-- Information supplied follows --

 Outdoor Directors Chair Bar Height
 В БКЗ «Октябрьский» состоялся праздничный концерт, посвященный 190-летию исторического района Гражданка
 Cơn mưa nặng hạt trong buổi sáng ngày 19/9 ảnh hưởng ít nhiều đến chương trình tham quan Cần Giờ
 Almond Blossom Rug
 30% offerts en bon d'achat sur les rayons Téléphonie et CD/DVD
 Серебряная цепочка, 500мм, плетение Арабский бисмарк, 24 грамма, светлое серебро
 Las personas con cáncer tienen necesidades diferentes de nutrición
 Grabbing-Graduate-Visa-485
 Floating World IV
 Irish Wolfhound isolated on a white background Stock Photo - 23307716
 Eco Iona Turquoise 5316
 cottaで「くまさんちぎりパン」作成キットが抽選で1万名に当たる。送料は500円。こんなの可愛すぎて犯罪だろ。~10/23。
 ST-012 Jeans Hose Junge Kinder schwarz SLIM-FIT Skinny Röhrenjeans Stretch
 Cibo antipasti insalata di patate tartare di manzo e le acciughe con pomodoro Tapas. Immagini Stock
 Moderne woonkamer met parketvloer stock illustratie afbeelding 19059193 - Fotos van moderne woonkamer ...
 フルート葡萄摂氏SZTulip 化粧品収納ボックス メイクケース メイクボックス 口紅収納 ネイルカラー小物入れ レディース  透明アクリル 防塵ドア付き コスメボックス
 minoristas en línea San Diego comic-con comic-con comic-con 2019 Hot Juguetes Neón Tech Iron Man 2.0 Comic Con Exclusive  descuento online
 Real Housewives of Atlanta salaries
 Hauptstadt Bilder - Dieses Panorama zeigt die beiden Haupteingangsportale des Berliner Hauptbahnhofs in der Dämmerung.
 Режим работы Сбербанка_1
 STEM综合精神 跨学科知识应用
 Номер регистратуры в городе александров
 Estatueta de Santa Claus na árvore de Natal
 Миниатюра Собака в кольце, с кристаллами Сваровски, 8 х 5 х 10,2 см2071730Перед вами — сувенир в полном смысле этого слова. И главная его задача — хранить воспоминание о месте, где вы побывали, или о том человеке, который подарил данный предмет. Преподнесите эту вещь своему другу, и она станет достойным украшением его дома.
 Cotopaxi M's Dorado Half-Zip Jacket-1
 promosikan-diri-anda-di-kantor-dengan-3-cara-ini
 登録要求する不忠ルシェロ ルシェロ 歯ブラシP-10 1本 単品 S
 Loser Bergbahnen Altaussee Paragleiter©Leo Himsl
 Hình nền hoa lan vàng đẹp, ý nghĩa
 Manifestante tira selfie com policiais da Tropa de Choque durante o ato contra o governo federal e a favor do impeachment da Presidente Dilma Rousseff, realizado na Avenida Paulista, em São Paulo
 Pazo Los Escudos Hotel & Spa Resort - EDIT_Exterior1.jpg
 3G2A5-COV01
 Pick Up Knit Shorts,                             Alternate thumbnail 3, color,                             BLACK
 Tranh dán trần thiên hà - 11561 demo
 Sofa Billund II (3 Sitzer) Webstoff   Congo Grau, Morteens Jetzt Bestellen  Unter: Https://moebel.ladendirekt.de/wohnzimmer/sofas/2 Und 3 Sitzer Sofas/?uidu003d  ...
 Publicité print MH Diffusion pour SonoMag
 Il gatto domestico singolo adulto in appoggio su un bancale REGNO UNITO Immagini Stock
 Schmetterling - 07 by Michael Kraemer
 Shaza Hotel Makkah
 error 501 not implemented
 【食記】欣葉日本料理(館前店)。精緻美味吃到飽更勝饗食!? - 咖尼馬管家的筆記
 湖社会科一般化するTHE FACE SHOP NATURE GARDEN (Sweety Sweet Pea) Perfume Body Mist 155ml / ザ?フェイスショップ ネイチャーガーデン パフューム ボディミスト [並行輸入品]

-- Information supplied concluded --

The task – Look through the listing above. Pick out each line with "Immagini" and copy it.

Exercise answer –
 Cibo antipasti insalata di patate tartare di manzo e le acciughe con pomodoro Tapas. Immagini Stock
 Il gatto domestico singolo adulto in appoggio su un bancale REGNO UNITO Immagini Stock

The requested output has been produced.